EXERCISE AIM:
Copy exactly the stretch of data below from the line with "SWE Staff Spotlight: Valerie Bland" through the line with "004 Surprising Web", including both of those lines.

THE INPUT:
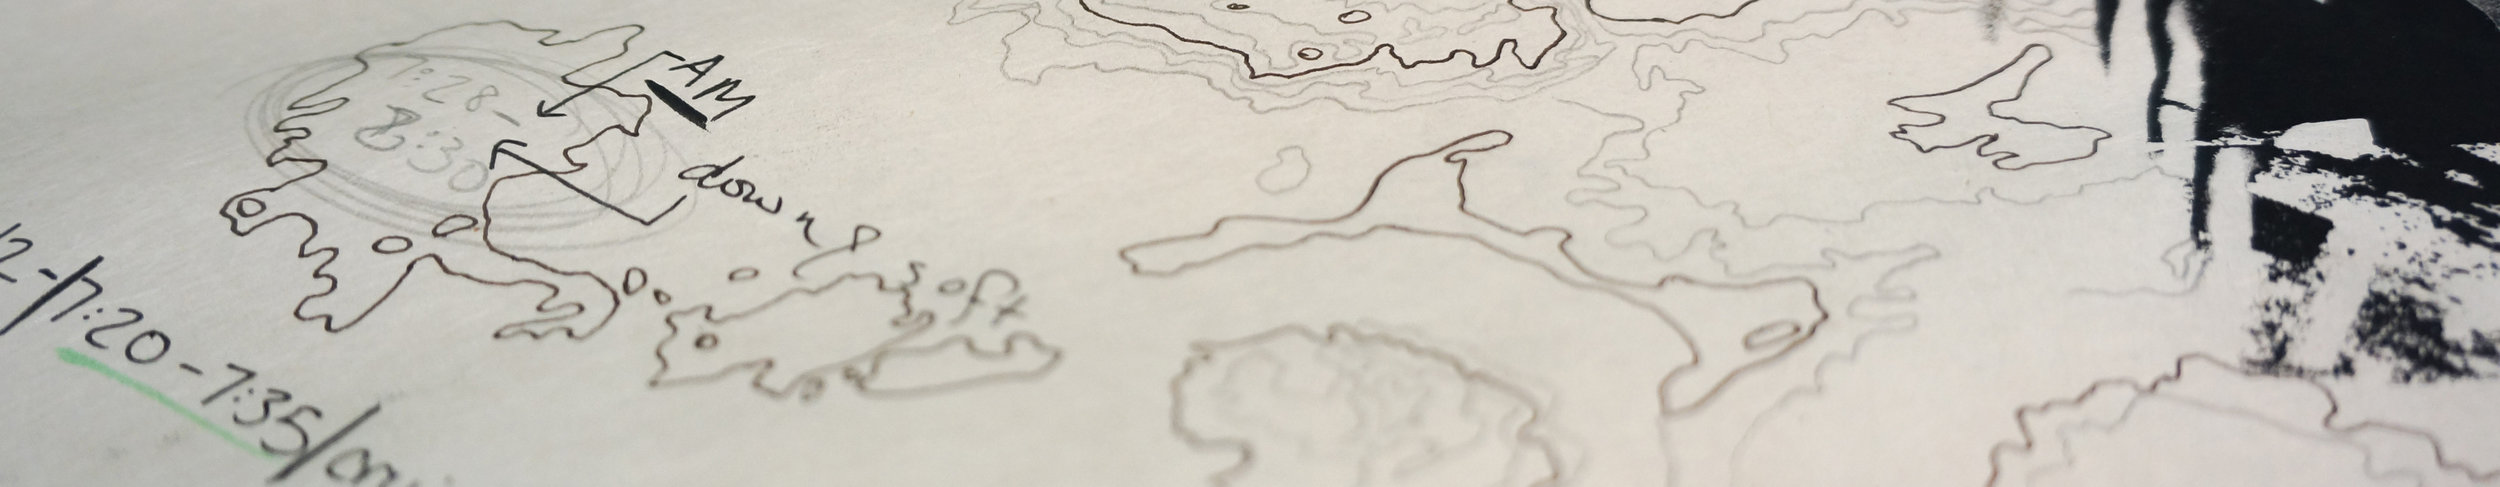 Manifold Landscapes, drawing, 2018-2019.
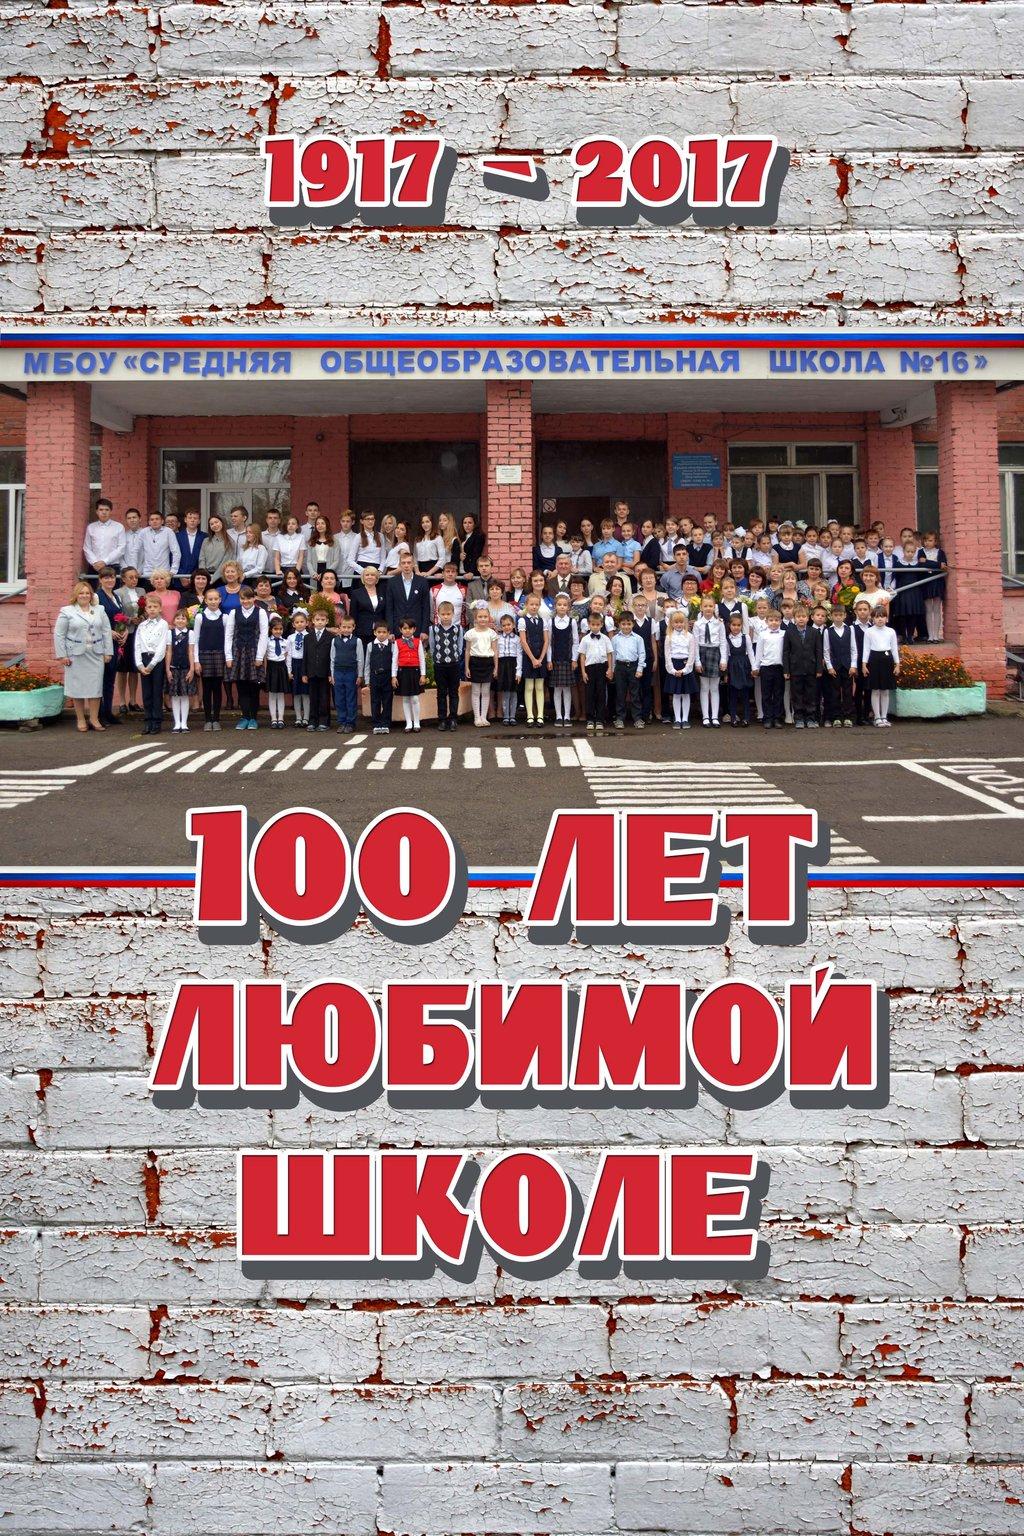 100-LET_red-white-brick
---
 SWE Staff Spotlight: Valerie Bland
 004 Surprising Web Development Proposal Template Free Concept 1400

OUTPUT OF THE EXERCISE:
 SWE Staff Spotlight: Valerie Bland
 004 Surprising Web Development Proposal Template Free Concept 1400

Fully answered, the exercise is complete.